3. Elle ne prend pas en compte les effets de synergie (effets combinés de substances en mélange) des combinaisons de pesticides ou ceux des composants dit « inertes » dans les formulations commerciales de pesticides. Et pourtant plusieurs études prouvent le contraire:

>>> Une étude de 1996 a mis en évidence des effets de synergie entre des pesticides aux potentiels oestrogéniques faibles. Les effets des mélanges de pesticides étaient de 150 à 1600 fois plus importants que les effets des pesticides pris isolément (1).

>>> Une étude de 2004 du Professeur G-E Seralini (2) a montré que le potentiel toxique du Round Up est supérieur à celui de sa matière active le glyphosate, également à cause de la présence de co-formulants conçus pour renforcer son action.


Les spécialités commerciales sont évaluées au niveau national. Cette évaluation comporte également de nombreuses lacunes. Ainsi c'est le Ministère de l'Agriculture qui délivre les Autorisations de Mises sur le Marché (AMM).Cette situation engendre un manque total  d’indépendance par rapport aux lobbies agro-chimiques.

DES PROCEDURES DE MISE SUR LE MARCHÉ PEU "ORTHODOXES"

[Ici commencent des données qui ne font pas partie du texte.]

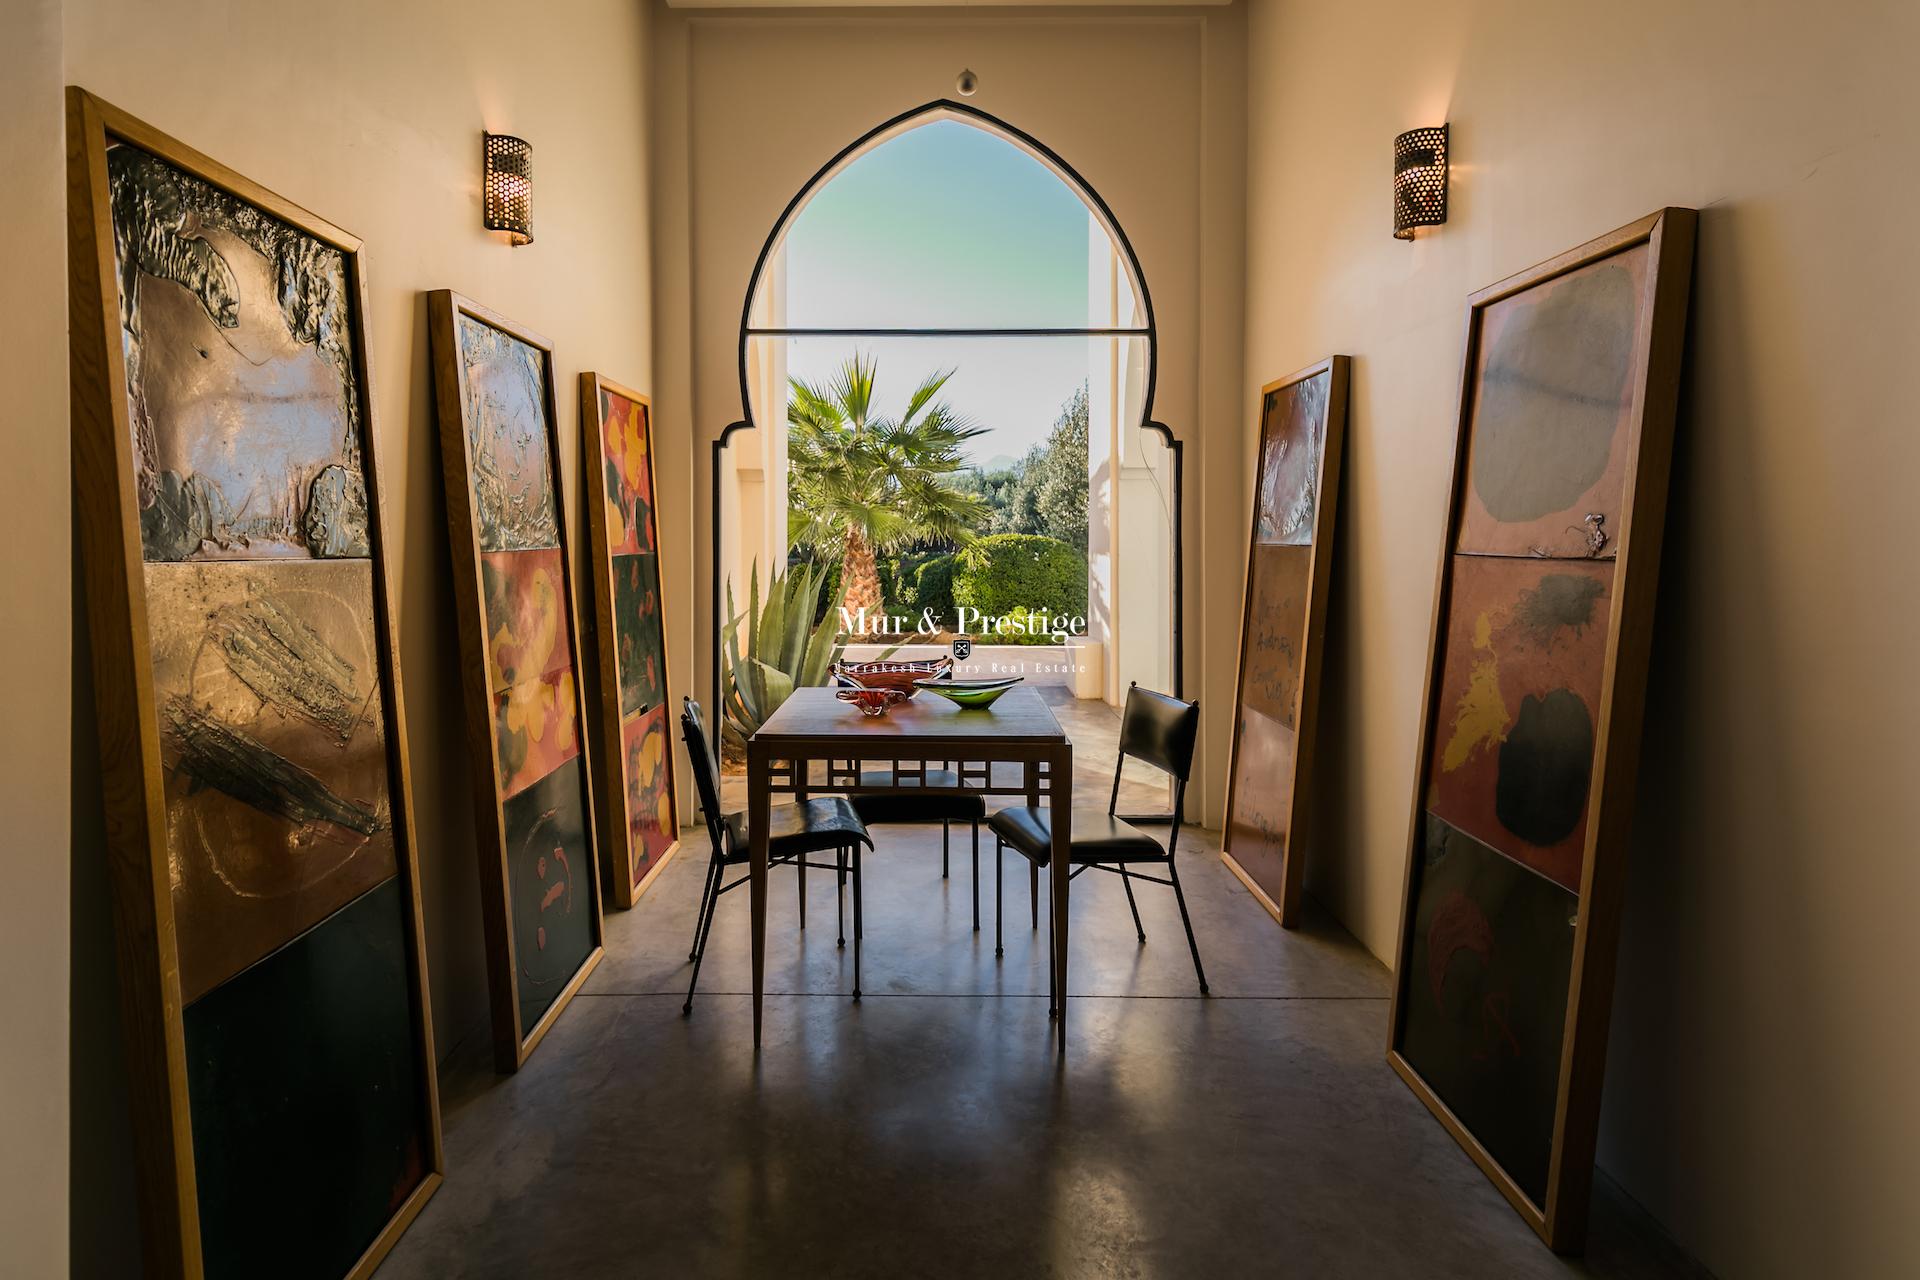 Achat Villa Luxe Marrakech – Vue époustouflante sur l’atlas

Un haut fonctionnaire de la Direction Générale  de l’Alimentation ( DGAL, dépendant du Ministère de l‘Agriculture), entendu par un juge dans l’affaire du Régent TS* a ainsi révélé que le service chargé du suivi des AMM ne comptait que trois personnes, ce qui rendait leur travail de contrôle  impossible de fait. De plus, il expliquait que dans les faits il y avait une situation de co-gestion de l’évaluation entre le ministère de l’agriculture et...les industriels de l’UIPP** eux-mêmes (4)

* mise sur le marché du Régent TS sans AMM

** IUPP - Union des Industries de la Protection des Plantes à savoir l'organisation professionnelle qui regroupe les principaux producteurs de produits phytosanitaires !

REFERENCES

1 : Arnold et al. “Synergistic activation of estrogen receptor with combinations of environmental chemicals.” Science 272. 1489-1492

2 : Richard S, Moslemi S, Sipahutar H, Benachour N, Seralini GE. 2005. “Differential effects of glyphosate and Roundup on human placental cells and aromatase” Environ Health Perspect: doi:10.1289/ehp.7728.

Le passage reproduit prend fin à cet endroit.